OK lets move onto the where to measure the data. The answer is every where and any where it is produced. But specifically, lets look at unit and module tests. Unit tests are generally run very regularly, many times a day (especially for XP developments). One may use unit tests as profiling and run the occasional test looking for which unit tests take the longest. But there is more information to be gleaned from them... if you care to log it .. imagine a database being populated in the following manner
- Test suite resources utilisation: Contiguously (well every 5 minutes) on the test suite, the CPU, memory, network, disk utilisation of all the systems was also logged and the results automatically loaded into a database
- Test results: If when every unit tests were run, the result was automatically uploaded to a database with, date, time, package, build no, time taken to run each test and number of times or loops in the test
- Test suite configuration: On a weekly basis the test suite uploaded it's configuration, CPU type & speed, total memory, OS and version, patches, java/c/c++/c# version, number of disks and so on
- Firstly we can track how each test is performing over time, from it's first run 'till now
- Secondly we can spot any step changes (either up or down) in the way a single test is performing
- Lastly, we could pick some specific tests and use these are our KPI, a standard unit of performance, that future versions of the code can be compared to. This could be simple or a string of system states
- Correlate software measurements such as throughput, latency with resource utilisation, CPU, disk IO etc.
- look at resource utilisation over time.
So how would all this work on a day-to-day basis.
Bedding in: After an initial period of development of the infrastructure and tools, data would be collected. At first it will seem complicated, and far too much detail.
gaining acceptance: Then after a while, the general data patterns will be recognisable, and some general rules of thumb may develop (e.g. each unit test adds about 1-2ms to total test time, each unit test generates 20 IO, 15 read, 5 write and so on).
acceptance: Then deeper patterns will start to emerge. What will also become apparent is when things start to differ. If a new unit test (note new, not existing) takes more than 5ms, look carefully. Or what about a unit test that used to take 1ms to run is now consistently taking 3 ms to run. Once these features are being spotted, the performance of the system is far more quantitative, and far less subjective.
predictive: When the results are being used as engineering data. Performance of module x (as determined by one or more unit test results) is degrading. It will become a bottleneck. redesign activity required. Or even, a better disk subsystem would improve the performance of the tests by 2/3 and mean the unit tests run 1 minute faster.
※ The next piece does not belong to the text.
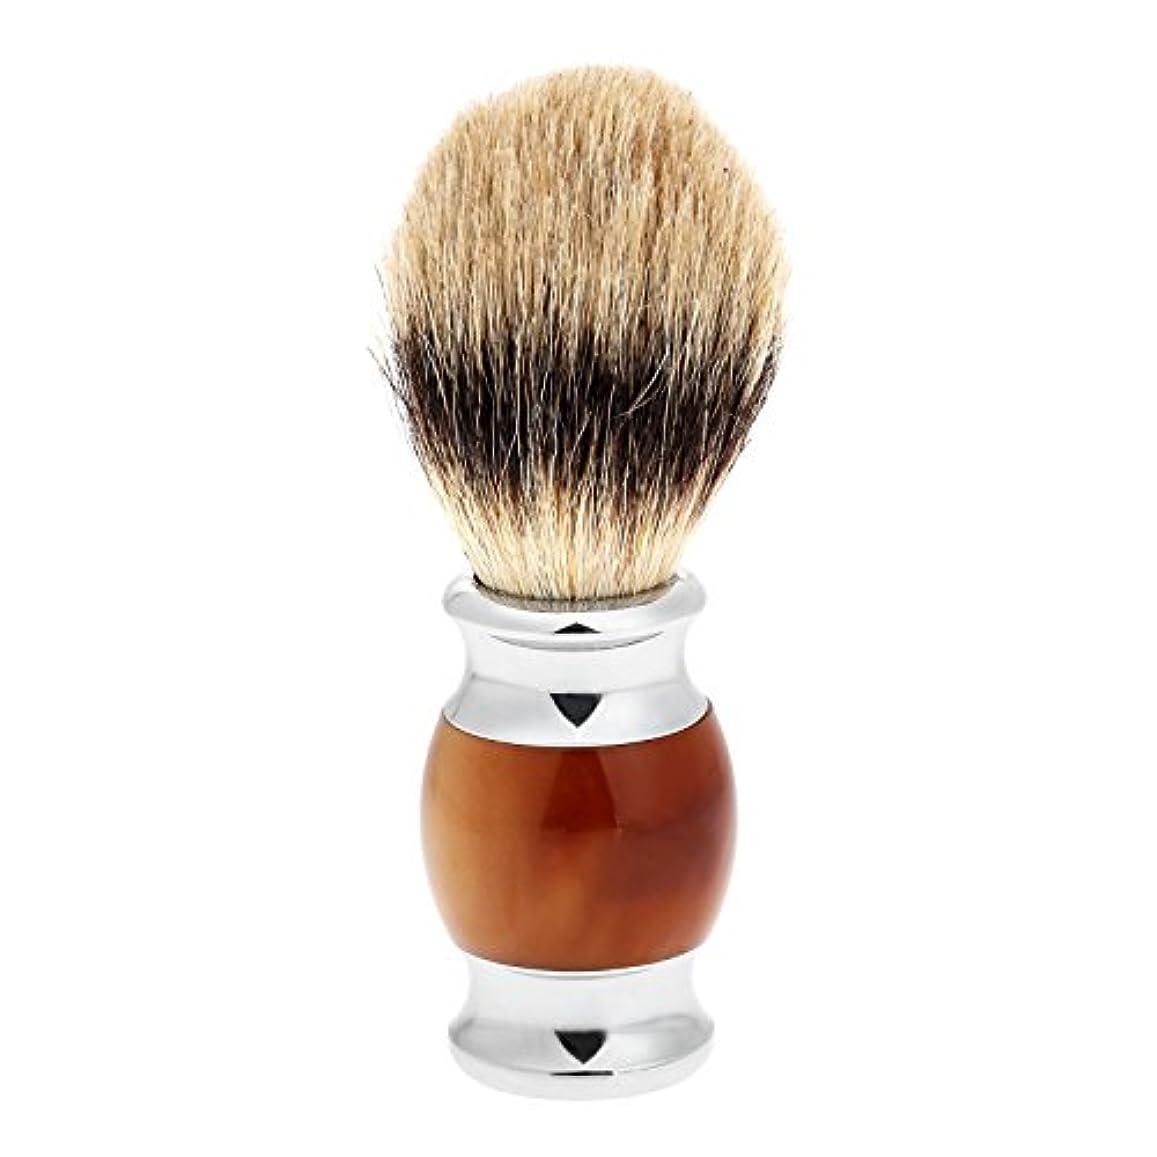 直径司書サスティーン1PC メンズ ひげブラシ アナグマ毛 シェービングブラシ バーバー シェービング用ブラシ 理容 洗顔 髭剃り
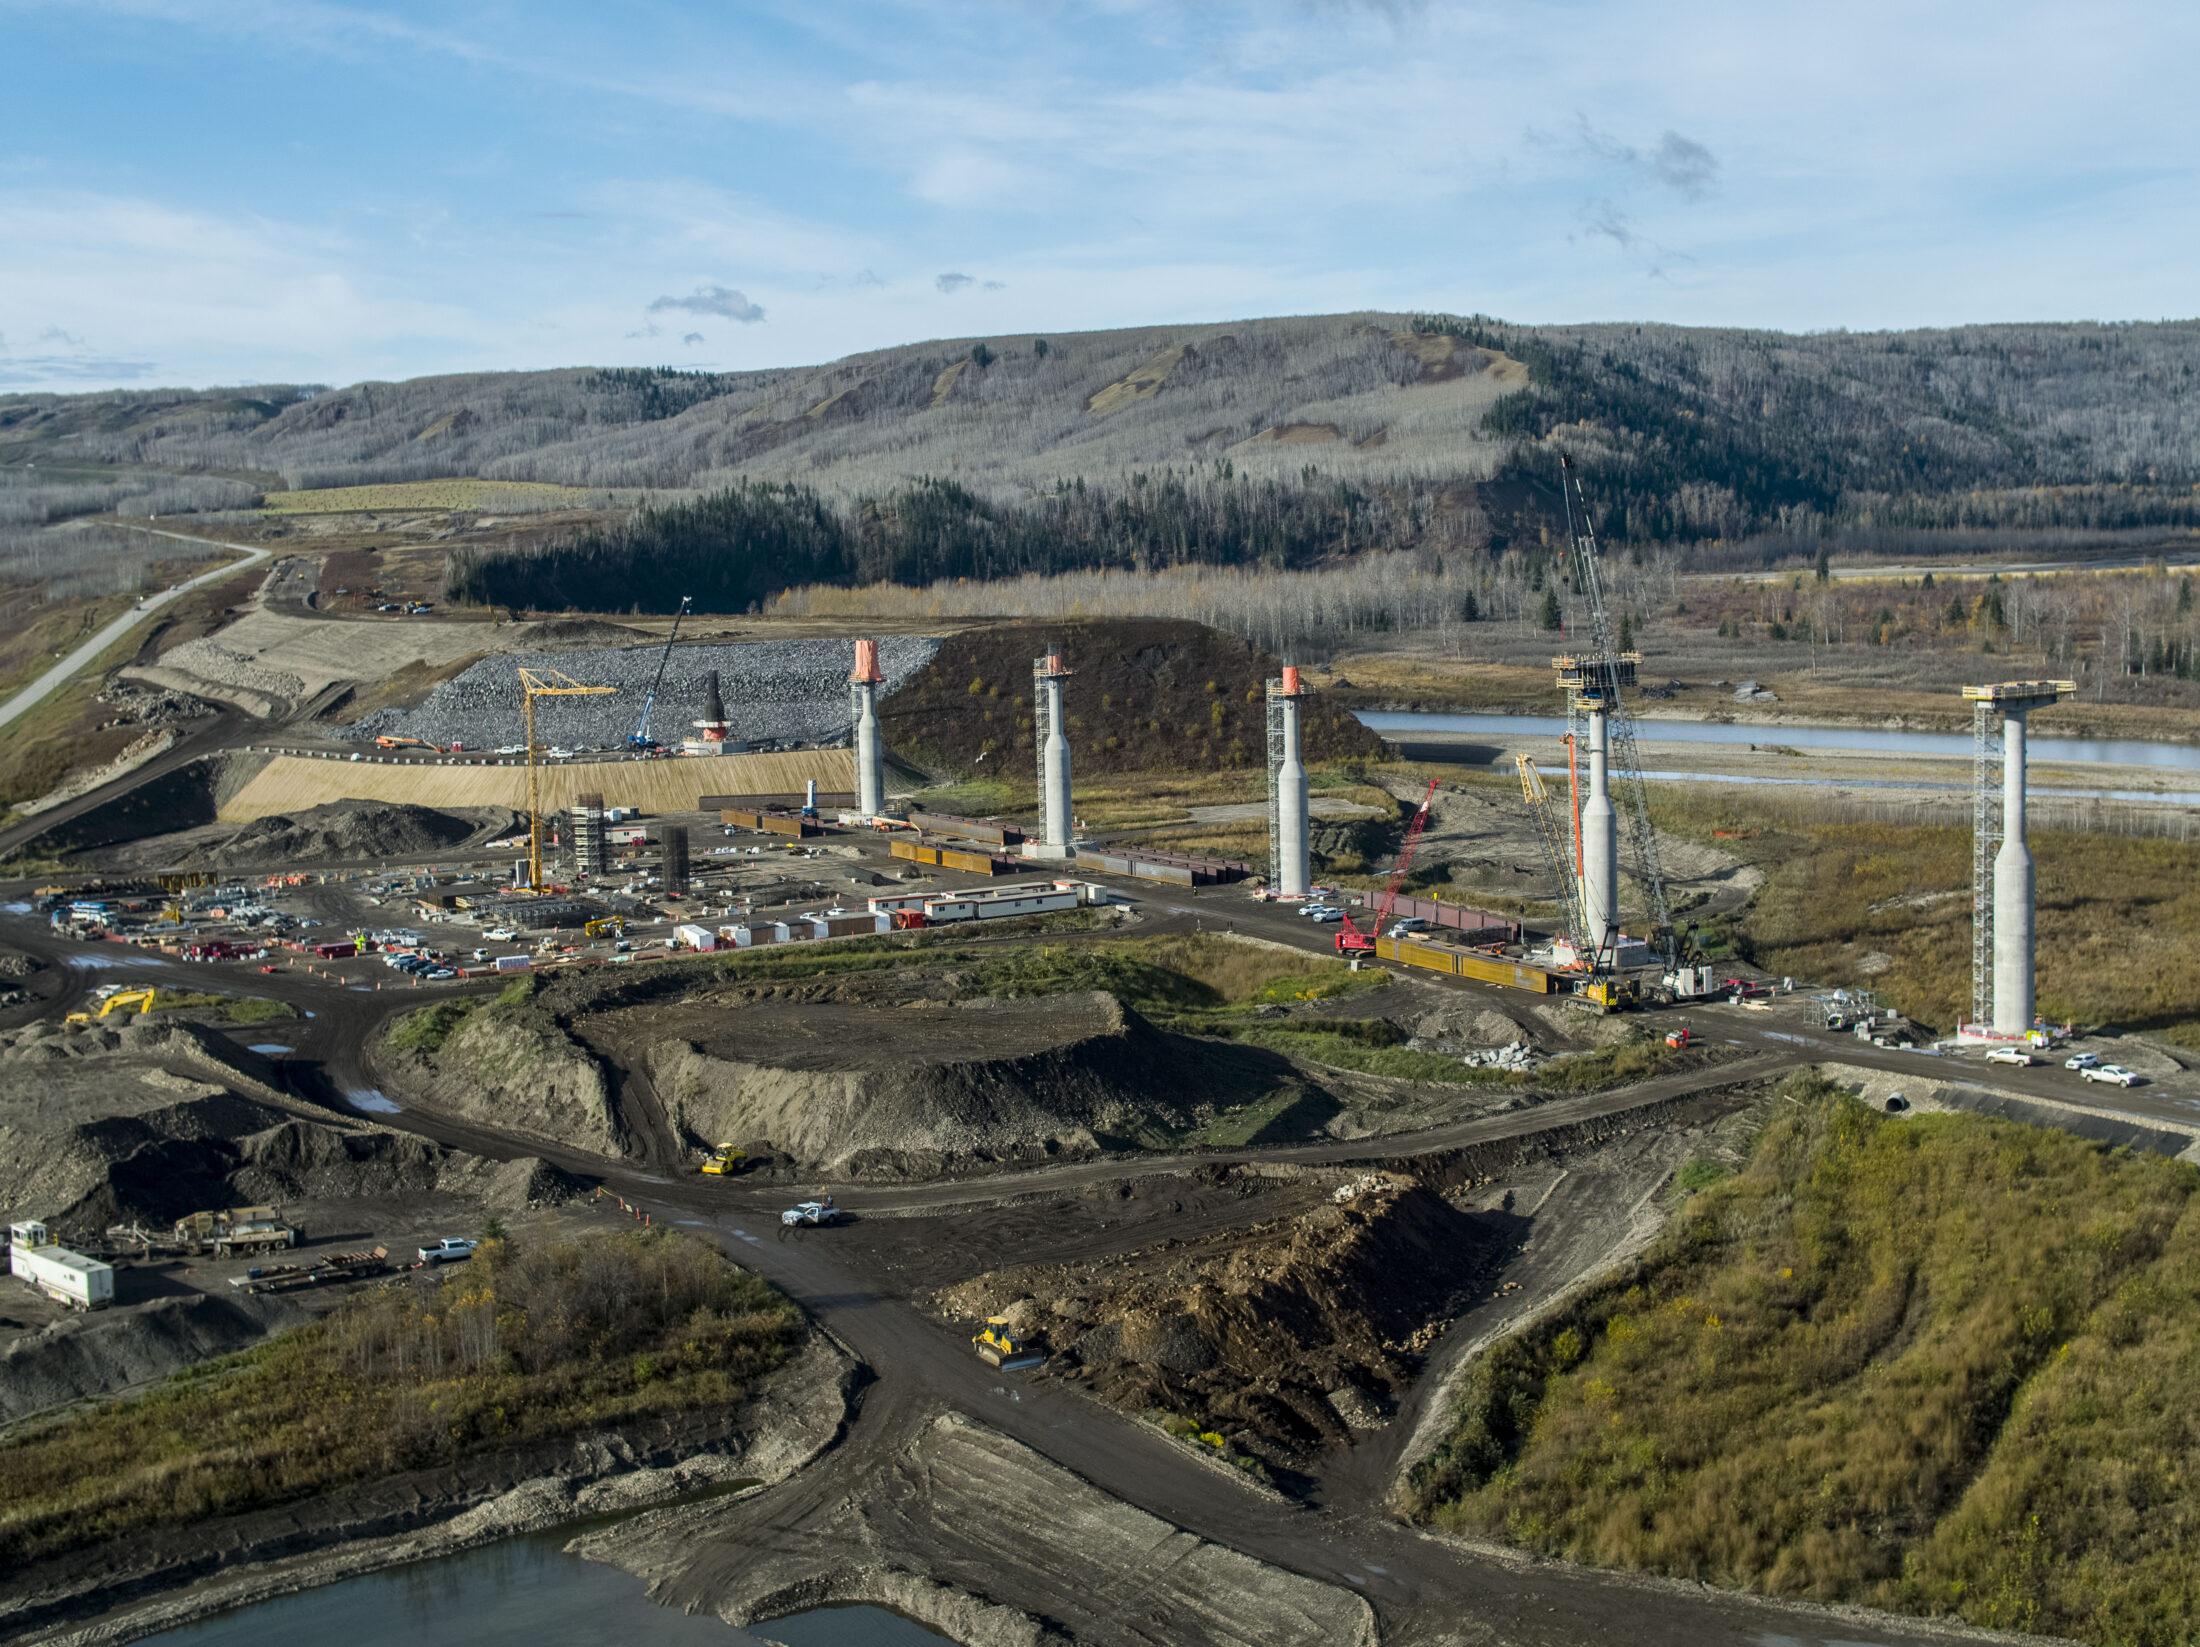 Site C dam construction bridge towers

historical: imagine being able to give quantitative answers to questions like "Architecture have decided to re-arrange the system layout like so (insert diagram here), what will be the effect of this layout compared to the current?". Unusually it would require re-coding the system under the various architectures and performing tests, but all that is now required is to understand the average effects of each of the components, and a good engineering estimate can be arrived at. Taking this a step further imagine "The system's performance indicates that the following architecture would be best like so (insert diagram here), and we/I believe that it would allow 20% more throughput".
Taking stock... Once upon a time tests were done infrequently, but it was realised that testing is the only sure fire way of ensuring features remain stable and bug free. The reduction of the time from bug introduction to bug detection is crucial. Why stop at bugs? Why not use the same approach to performance? When is it easiest to change the software architecture? at the beginning, when is it hardest, at the end? Why change software architecture, there are many reasons, but performance is one.
Lastly the quantification of the software performance is a key feature, because this is the only way to truly make engineering decisions. Developing software is full of contradictions and pro's and cons, it is only be quantifying them that you can confidently take the decisions .